American Photorealist artist (born 1954)

Elizabeth Patterson (born 1954) is an American Photorealist artist whose color pencil drawings portray intricate and abstracted landscapes, often emphasizing the subjective quality that water brings to a composition.

==Background==
Originally from Pennsylvania, Elizabeth Patterson went on to earn a Bachelor of Fine Arts at Minneapolis College of Art and Design and relocated to the Los Angeles area in 1979. She worked in a variety of mediums and styles with a penchant for graphite and color pencil rendering. Patterson earned recognition from an early age, but her success as an emerging artist came to a halt in 1984 due to a severe injury that resulted in the complete loss of use of her drawing hand. The injury necessitated two years of intensive therapy treatment, and left Patterson uncertain that she would ever draw again. Consequently, she put her artistic pursuits aside and embarked on a different career path.

==Rediscovering art==
Patterson traveled to Hawaii in 1986 where she explored the undersea world. Little did she know, the visual impressions of this trip were committed to memory and would resurface many years later to inspire her color pencil drawings. Thirteen years later, her partner insisted that she return to her art career, and she was surprised to learn that her gift for drawing was still present despite her injury. The result was a series of aquatic drawings that catapulted the artist back into the world of creativity.

==Present==
"Patterson's unique expression of Photorealism is both incredibly realistic and simultaneously dreamlike, wavering between abstraction and hyperrealism."

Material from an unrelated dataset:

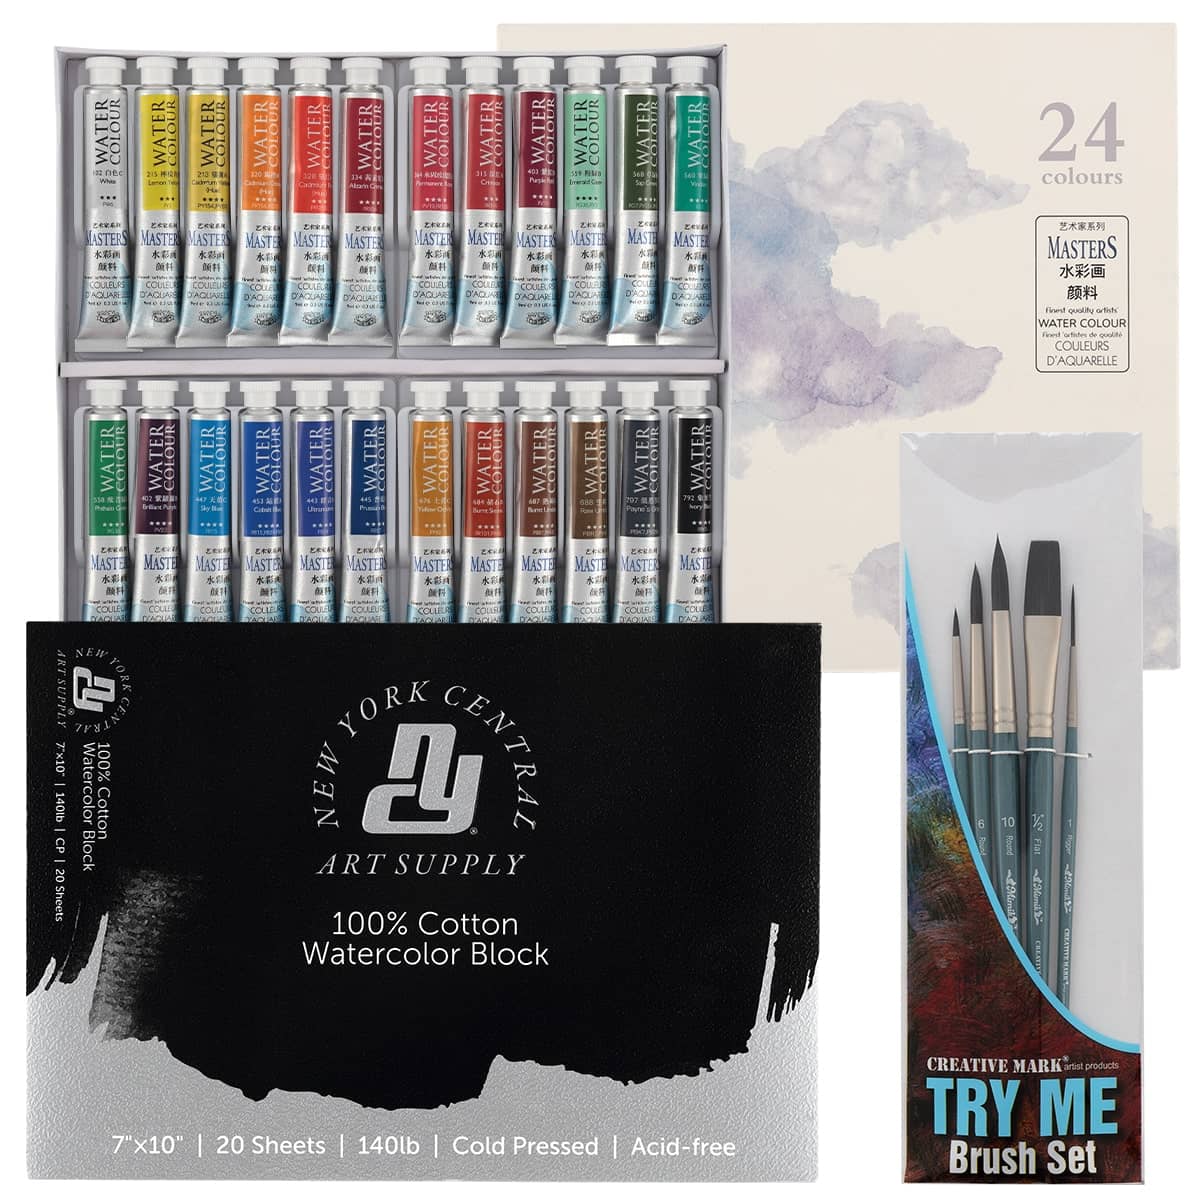 Marie's Master Quality Watercolor Set

She spoke about her art and process in an interview by Galerie Louis Carré.

Patterson's 2010 exhibition at Louis Stern Fine Arts earned her a glowing review by Los Angeles Times critic, David Pagel

Elizabeth Patterson is represented by CK Contemporary and Thomas Paul Fine Art.

==Exhibitions==
- 2001 Colored Pencil Society of America – 9th International Juried Exhibition, San Francisco, CA
- 2002 Colored Pencil Society of America – 10th International Juried Exhibition, Ft. Worth, TX
- 2003 Colored Pencil Society of America – 11th International Juried Exhibition, Brea, CA
- 2004 Color Pencil Society of America – 12th International Juried Exhibition, Memphis, TN
- 2005 Colored Pencil Society of America – Explore This! 3, La Jolla Ca.
- 2006 Colored Pencil Society of America – 14th Juried Exhibition, Albuquerque, NM.
- 2006 CPSA Signature Showcase, Cornell Museum of Art and History, Del Ray Beach, FL.
- 2006 The Human Element, Dunedin Creative Arts Center, Dunedin, FL.
- 2007 California Open Exhibition, TAG Gallery, Santa Monica, CA
- 2007 Colored Pencil Society of America - 15th International Juried
- 2008 In the Eye of the Beholder: Contemporary Drawings, Louis Stern Fine Arts, West Hollywood, CA
- 2008 Colored Pencil Society of America - 16th International Juried Exhibition, Seattle, WA
- 2009 Colored Pencil Society of America - 17th International Juried Exhibition, Atlanta, GA
- 2009 Colored Pencil Society of America — Explore This! 5, Online Exhibition
- 2010 Colored Pencil Society of America - 18th International Juried Exhibition, Loa Gatos, CA
- 2010 Chasing the Rain — Drawings by Elizabeth Patterson, Louis Stern Fine Arts, West Hollywood, CA
- 2010 Los Angeles Art Show, presented by the Fine Art Dealers Association, Louis Stern Fine Arts, Los Angeles, CA
- 2011 Splash, Carnegie Art Museum, Oxnard CA
- 2011 Houston Fine Art Fair, Louis Stern Fine Arts, Houston, TX
- 2011 Art Aspen, Louis Stern Fine Arts, Aspen Colorado
- 2011 Los Angeles Art Show, presented by the Fine Art Dealers Association, Louis Stern Fine Arts, Los Angeles, CA
- 2011 Influential Element: Depictions of Water, Long Beach Museum of Art, Long Beach, CA
- 2012 Elizabeth Patterson: Imagining the Rain, Galerie Louis Carré, Paris, France
- 2013 The National Weather Center Biennale Exhibition, National Weather Center, Norman, OK.
- 2014 Photorealism: The Everyday Illuminated, Jonathan Novak Contemporary Art, Los Angeles, California
- 2015 Important Works on Paper, Jonathan Novak Contemporary Art
- 2016 Elizabeth Patterson: The Abstraction of Reality, Galerie Louis Carré, Paris, France.
- 2016 Elizabeth Patterson: Paris and Other Places, Louis Stern Fine Arts, Los Angeles, CA
- 2017 The National Weather Center Biennale Exhibition, National Weather Center, Norman, OK.
- 2017 Summer Group Show, Thomas Paul Fine Art, West Hollywood, CA.